About this task:
Transcribe the listing underneath, keeping each word exact and omitting the images.

Given data:
%%
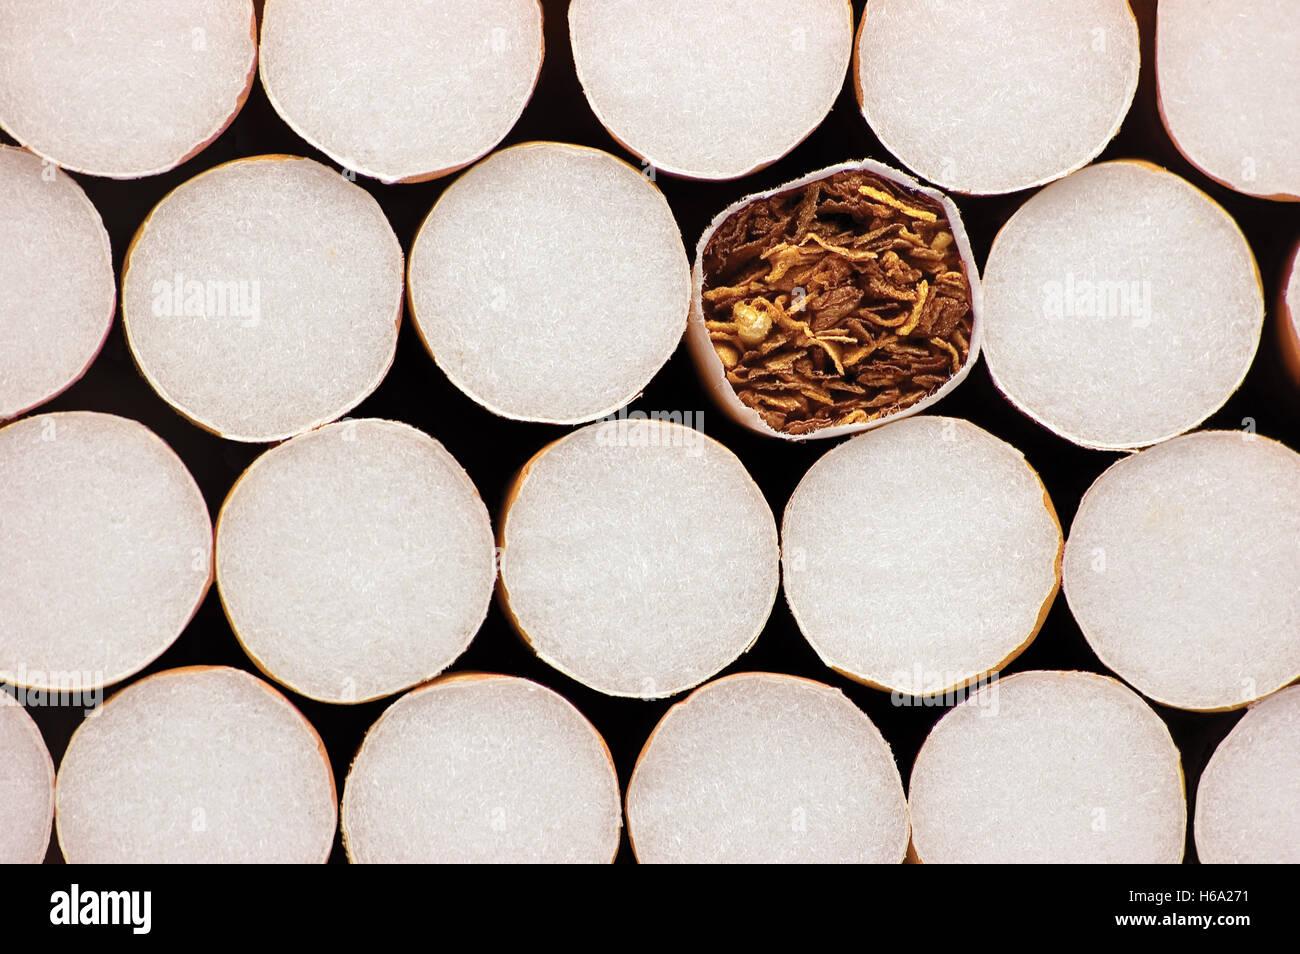 Makro Nahaufnahme von Filterzigaretten, große detaillierte Tabak Konzept Hintergrundmuster Stockbild
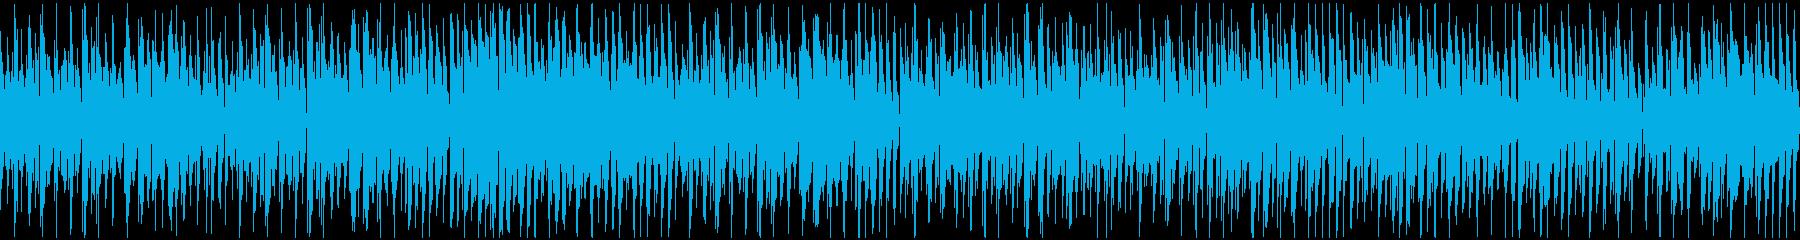 春の陽気 明るい日常系ジャズ(ループの再生済みの波形
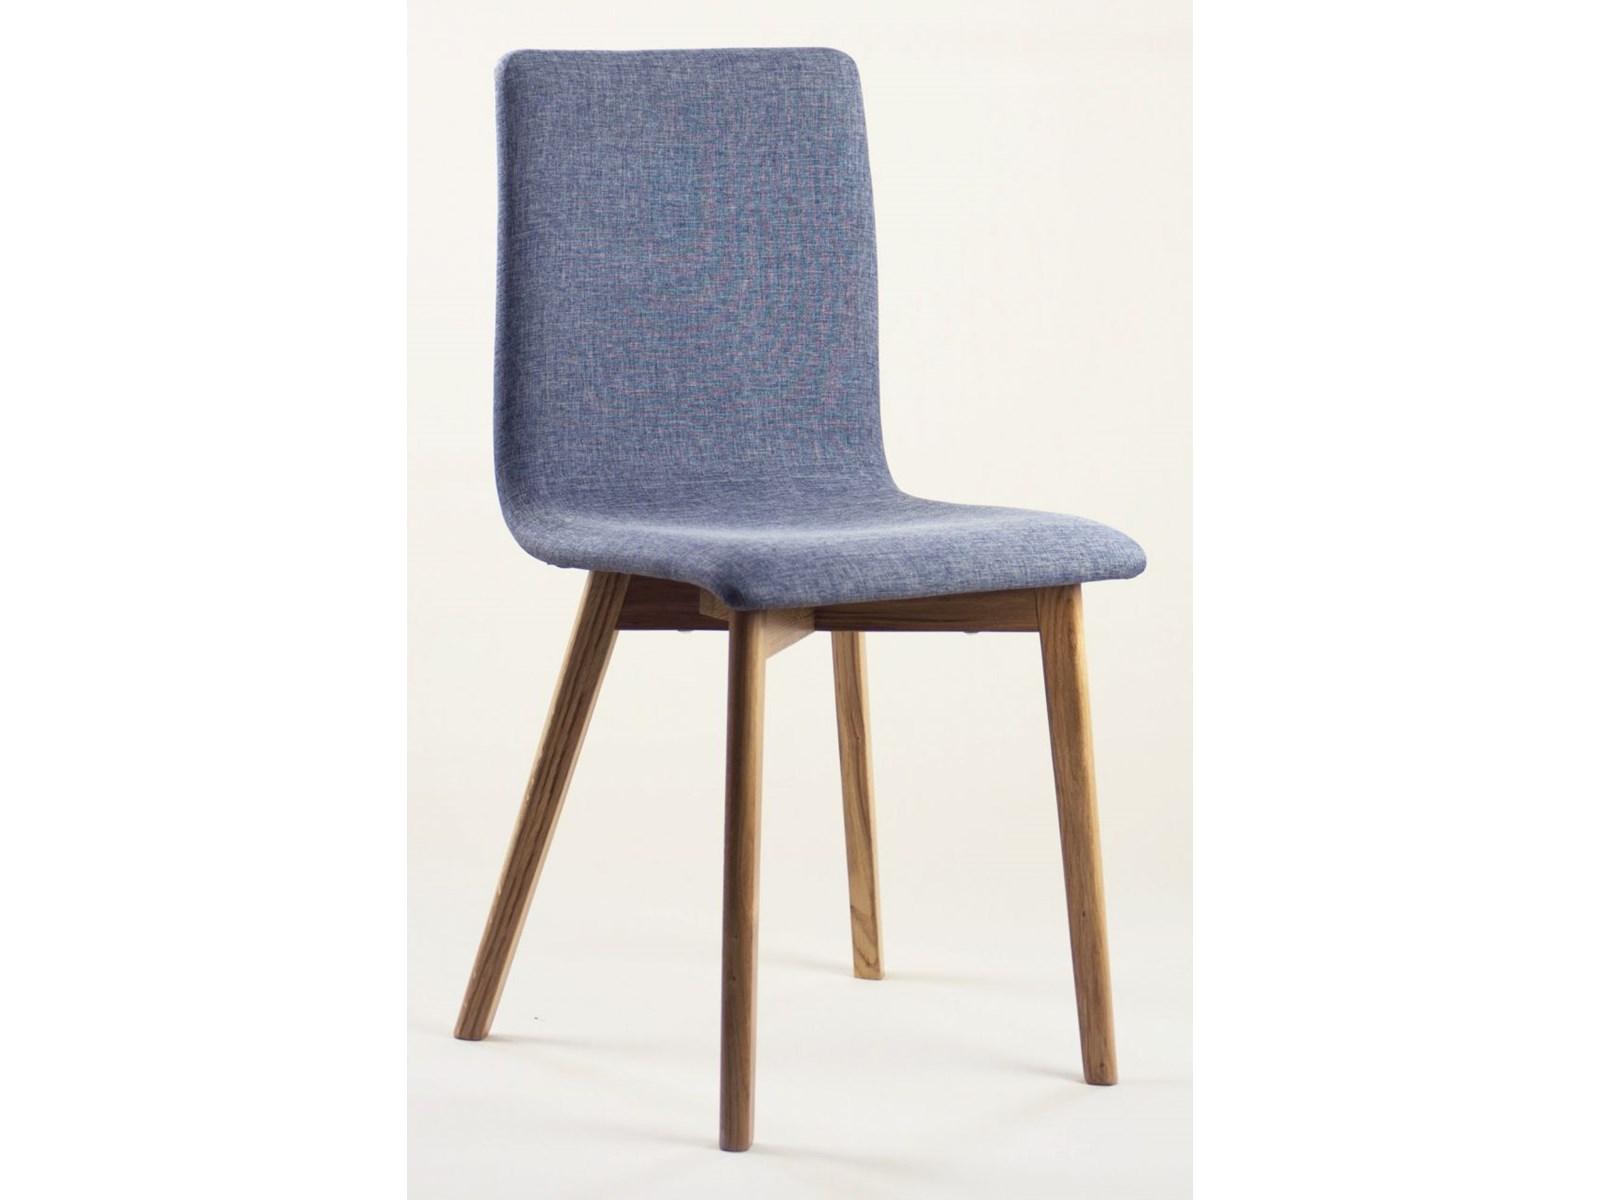 GRIM krzesło drewniane dębowa rama, szara tapicerka 06
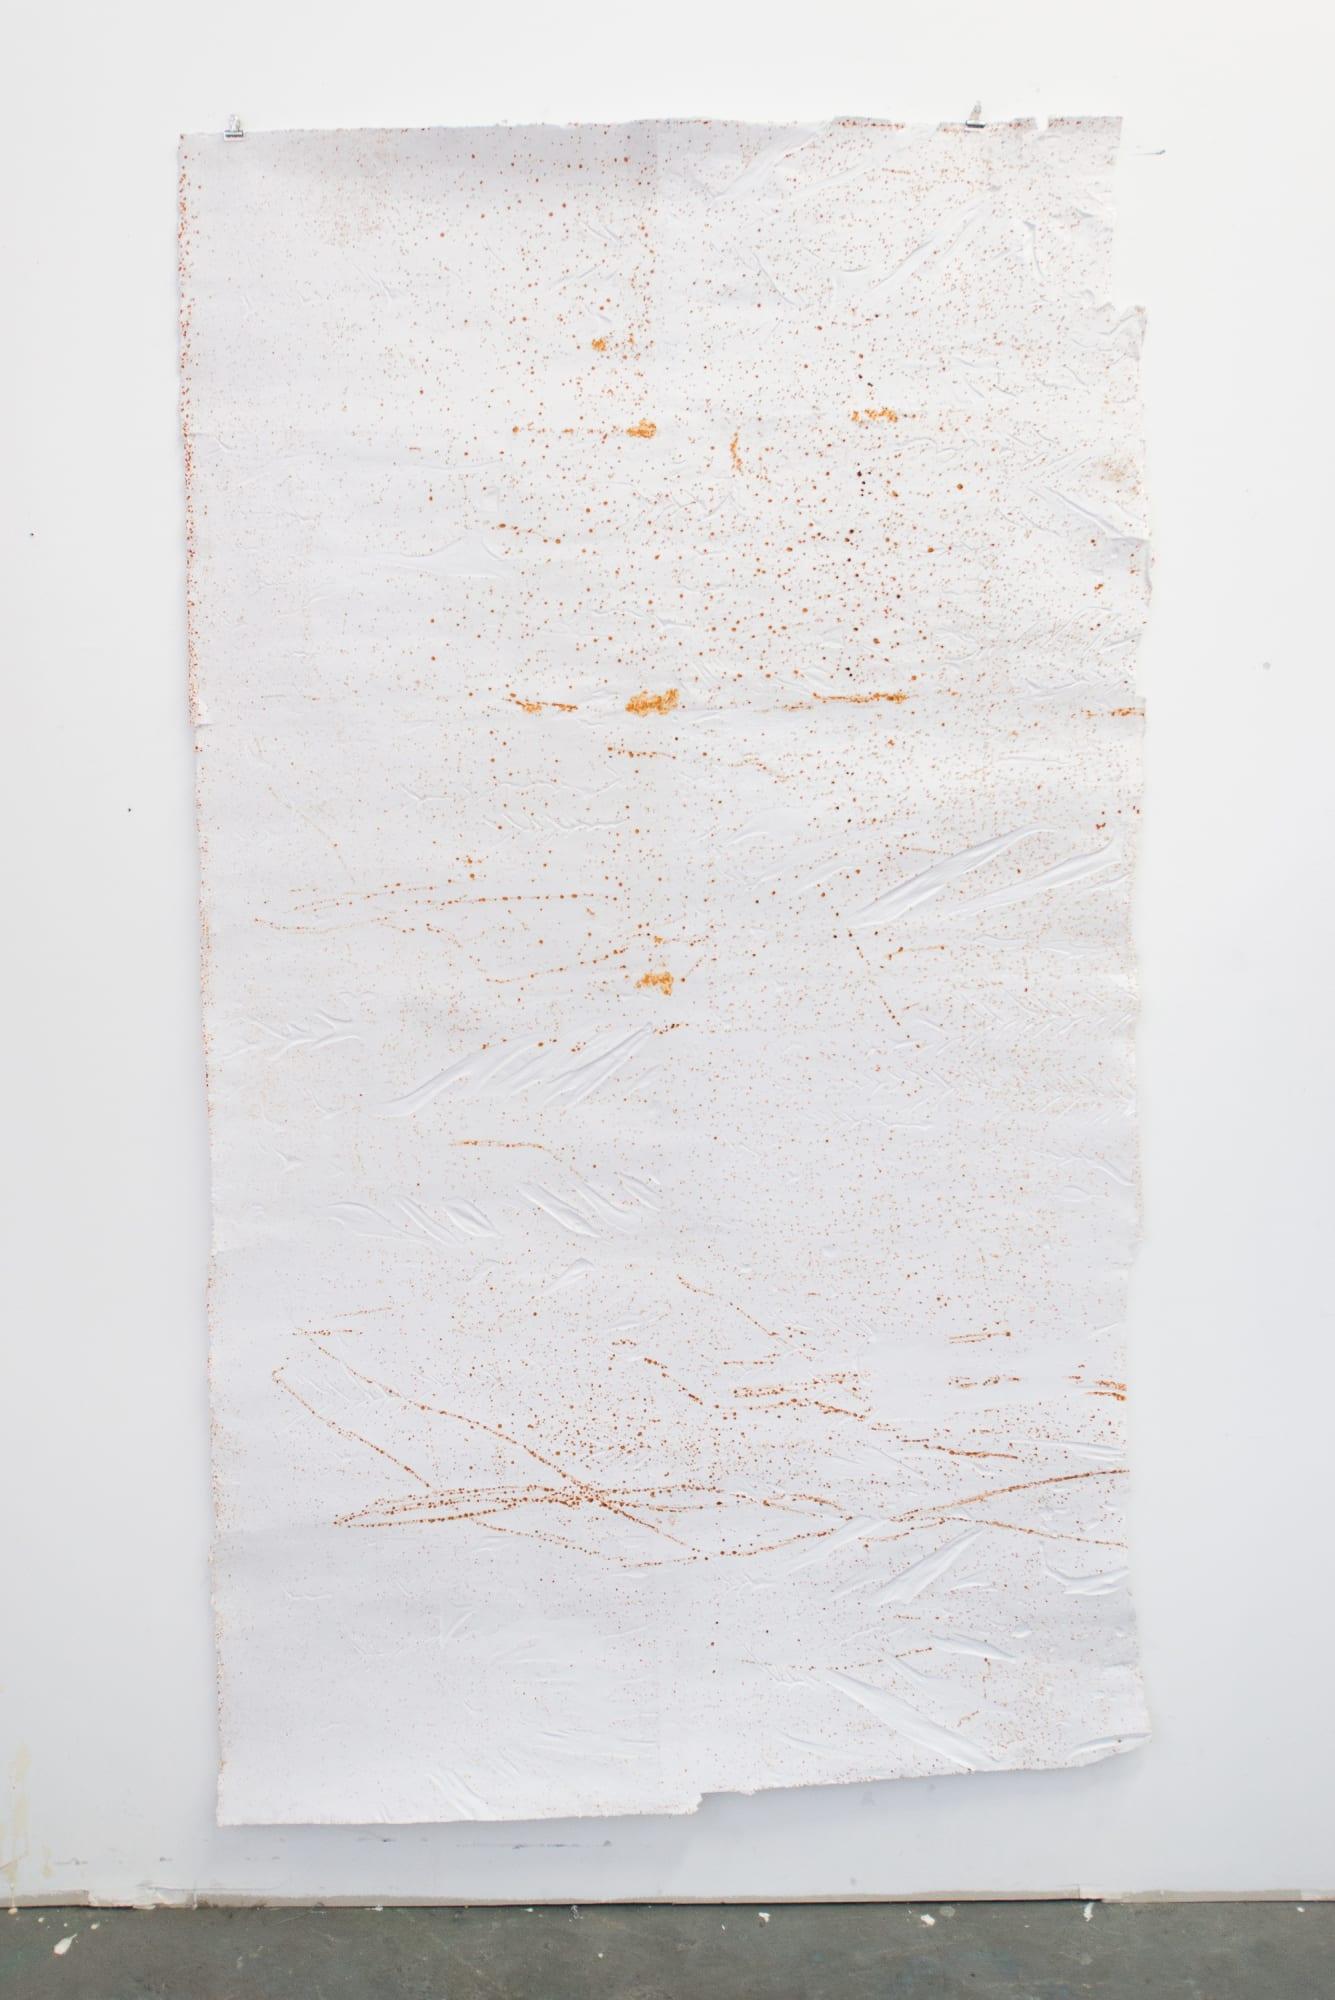 Tahir Carl Karmali: Art Düsseldorf
%%
Task output:
 Makro Nahaufnahme von Filterzigaretten, große detaillierte Tabak Konzept Hintergrundmuster Stockbild
 春の陽気 明るい日常系ジャズ(ループの再生済みの波形
 GRIM krzesło drewniane dębowa rama, szara tapicerka 06
 Tahir Carl Karmali: Art Düsseldorf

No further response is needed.